War and the Disrupted Relationship with Land
The war in Ukraine has not only devastated cities and infrastructure — it has also torn apart people’s connection to land. Small farms, once the foundation of local food production and community resilience, now face mined fields, destroyed irrigation systems, and collapsing logistics networks.
Before 2022, small and family farms were responsible for a large share of Ukraine’s domestic food supply. Agriculture employed roughly 22 percent of the population, with millions more engaged informally. Today, hundreds of thousands of hectares are inaccessible. The cost of demining — up to 50,000 UAH per hectare — makes recovery unattainable for most households.
The consequences reach far beyond the countryside. Ukraine once provided up to 40 percent of the grain used in UN humanitarian food programs. The destruction of ports, silos, and transport routes has rippled through global markets, threatening food security from North Africa to the Middle East.
In this sense, food security must be recognized as a form of human security. The same financial systems that sustain the arms industry and fuel war later fund demining and reconstruction — while the people who grow food are left without the means to cultivate it.
Every missile that lands on fertile soil transforms life into wasteland. Investments in weapons lead to mined fields, poisoned ecosystems, and an economy where the most basic human right — the right to feed one’s family — becomes precarious.
Social and Gendered Dimensions of Rural Transformation
The war has deeply reshaped Ukraine’s rural demography. According to national and UN data, more than six million Ukrainians currently live abroad — the majority of them women with children. This large-scale migration has altered gender and labour structures both within Ukraine and across Europe.
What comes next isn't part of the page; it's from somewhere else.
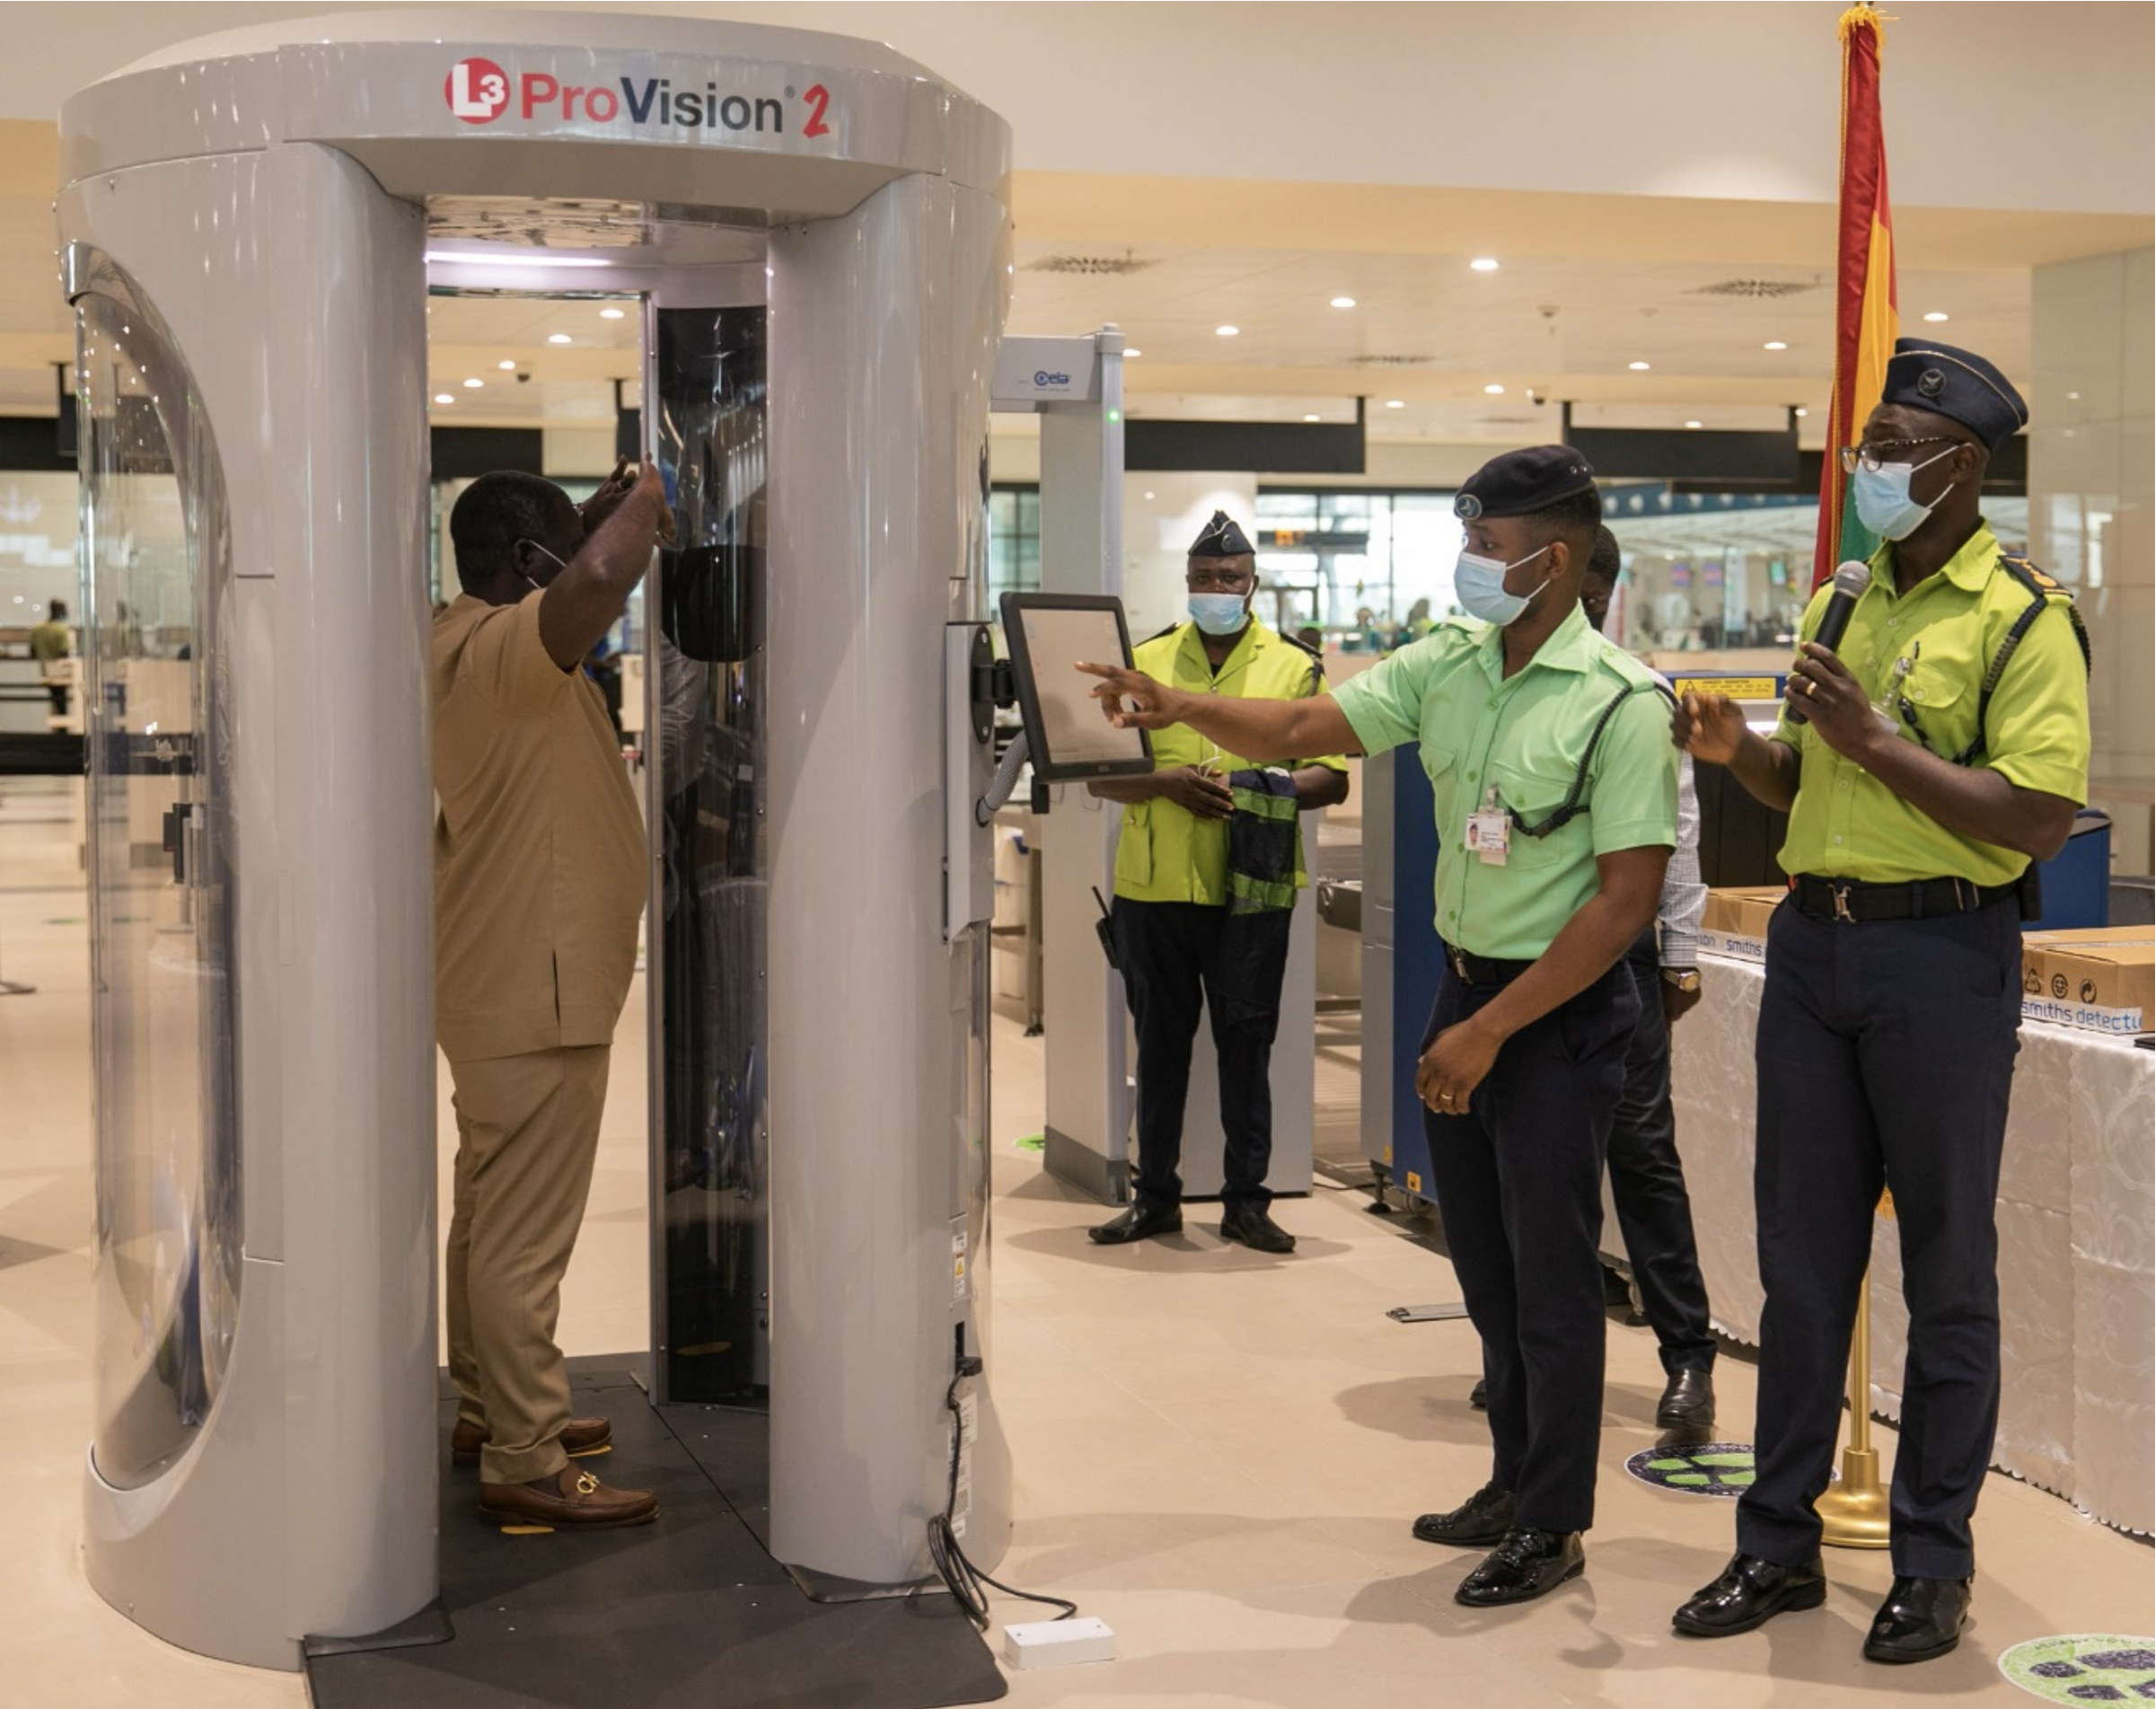 Ghana's Minister of Transport Kwaku Ofori Asiamah tests a body scanner, which is part of aviation security equipment presented to authorities of the Kotoka International Airport on March 23, 2021, as part of an ATA equipment grant. (U.S. Department of State photo)

Inside the country, rural communities face a marked shortage of men of working age. Many have been mobilized into the armed forces, some have been killed or wounded, and others avoid formal employment or visibility to escape conscription.
This demographic gap has created severe labour shortages in agriculture and placed additional burdens on women, older people, and internally displaced families.
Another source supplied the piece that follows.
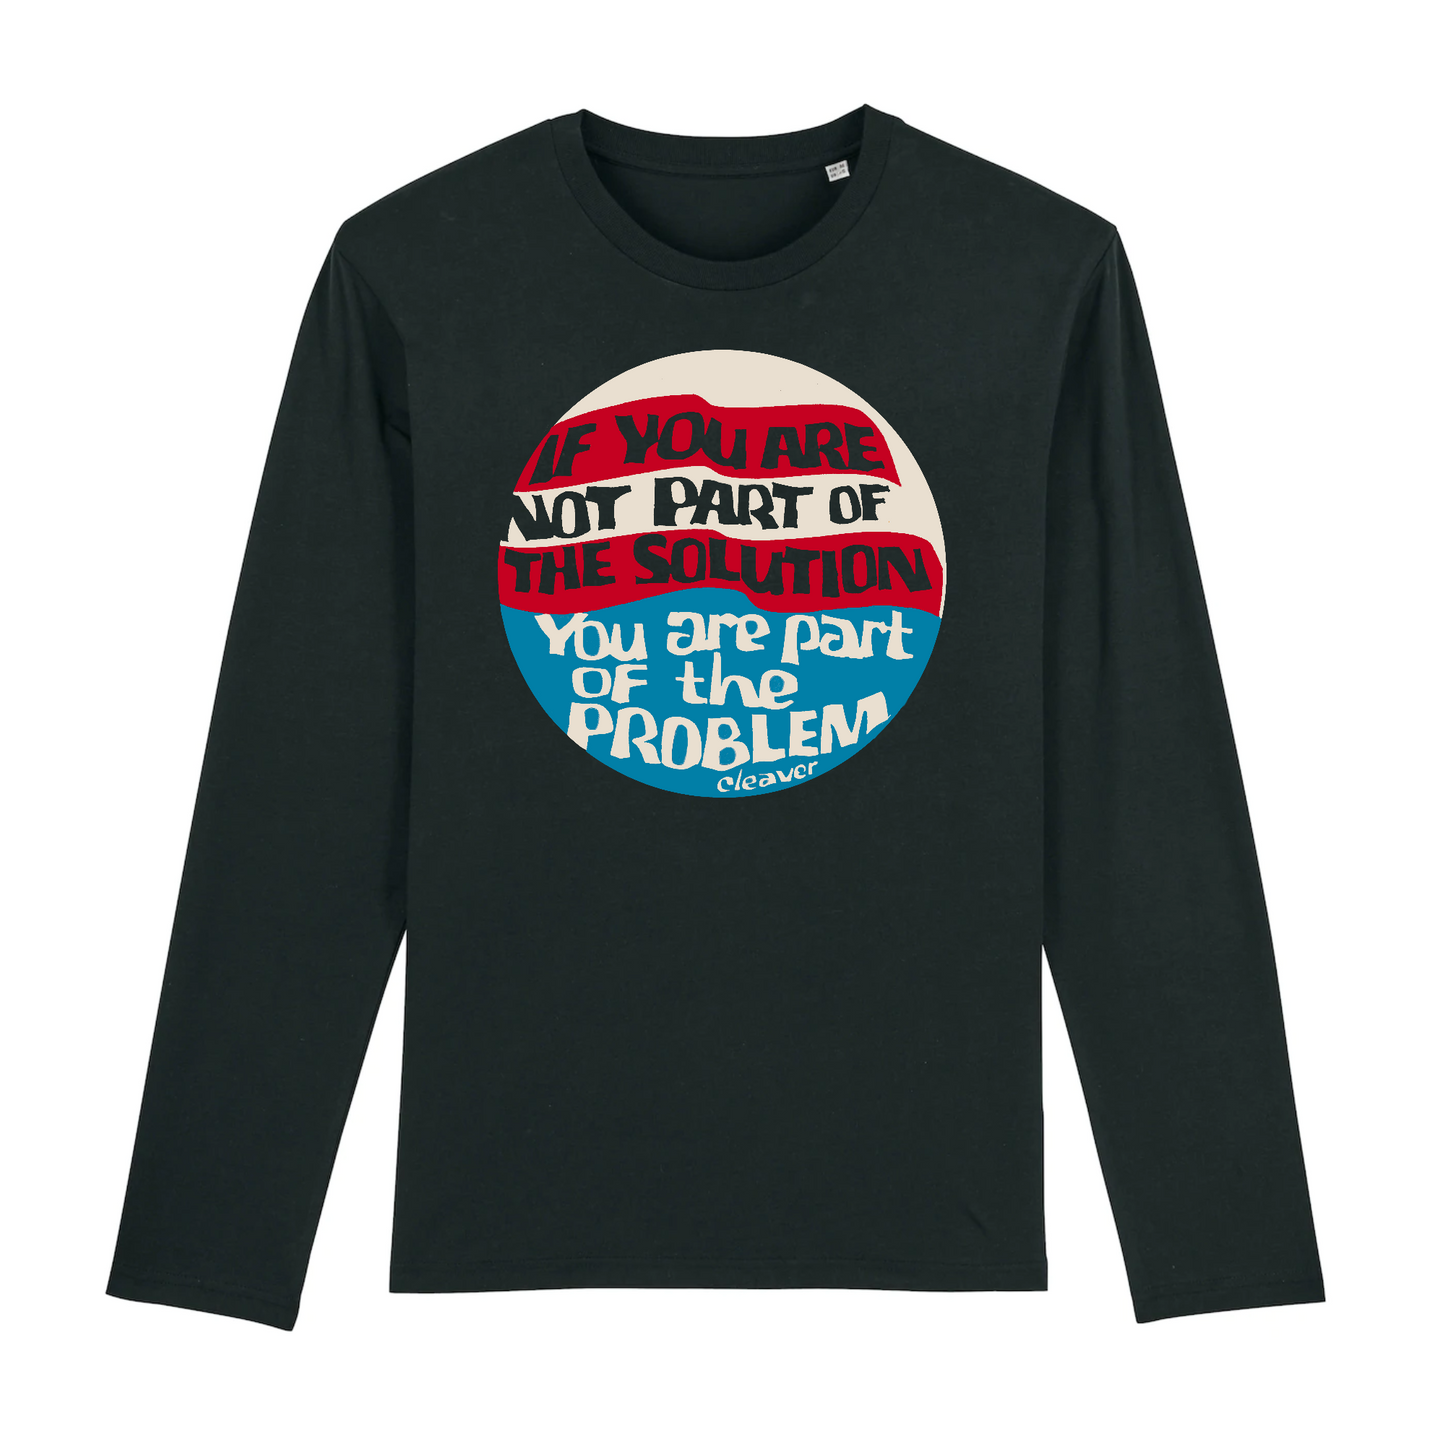 If You Are Not Part of The Solution, You Are Part of The Problem by Eldridge Cleaver by Eldridge Cleaver - Organic Cotton Long-Sleeve T-Shirt

Women in rural areas now carry overlapping responsibilities: maintaining small farms, providing care for children and the elderly, and sustaining household food production with minimal institutional support.
Their work sustains both local food systems and community life, yet it remains largely unacknowledged in national recovery strategies.
Meanwhile, Ukrainian women abroad continue to perform essential, low-paid care labour in European economies — cleaning, nursing, and caregiving — while sending remittances home. This transnational chain of care connects survival across borders but rarely features in policy frameworks. It demonstrates both the resilience of women’s everyday strategies and the invisibility of their contribution to global economies.
The Ecological Cost of Militarisation
The environmental damage of the war compounds decades of ecological degradation. Soil and water are contaminated with heavy metals, fuel residues, and unexploded ordnance. Forests and wetlands have been burned or destroyed, and biodiversity has declined sharply in frontline and liberated regions.
These processes reveal the deep contradiction of militarized recovery: vast sums are allocated first to arms production, then to demining, and only last — and insufficiently — to ecological restoration and sustainable livelihoods.
This pattern perpetuates dependence on industrial and military economies while undermining the foundations of human security — food, water, and care.
From War Economies to Peace Economies: A Feminist Perspective
A feminist peace framework challenges the current logic of international spending. Instead of reproducing cycles of destruction and repair, it calls for redistributing resources from militarization to the infrastructures of peace — food systems, ecological restoration, and social care.
Key recommendations for international actors:
- Reprioritize global budgets: Redirect funds from arms production toward agricultural recovery, land rehabilitation, and sustainable food systems.
- Integrate demining with livelihood recovery: Link technical clearance with agricultural restoration, irrigation repair, and local employment.
- Support women-led farming and cooperatives: Offer grants and microloans for women farmers in frontline and de-occupied areas.
- Recognize care work as central to recovery: Include both domestic and transnational care labour in reconstruction policies and donor frameworks.
- Ensure ecological and gender accountability: Embed gender-sensitive and environmental indicators in all post-war aid and investment programs.
Conclusion
The future of Ukraine’s recovery depends not only on the end of war but on how peace is financed.
If global resources continue to prioritize militarization, the same land that feeds the world will remain unsafe and uninhabitable.
A feminist understanding of peace begins with the soil — with the right to live, cultivate, and care. Redirecting investments from weapons to life is not only an ethical choice but the only sustainable path toward real security.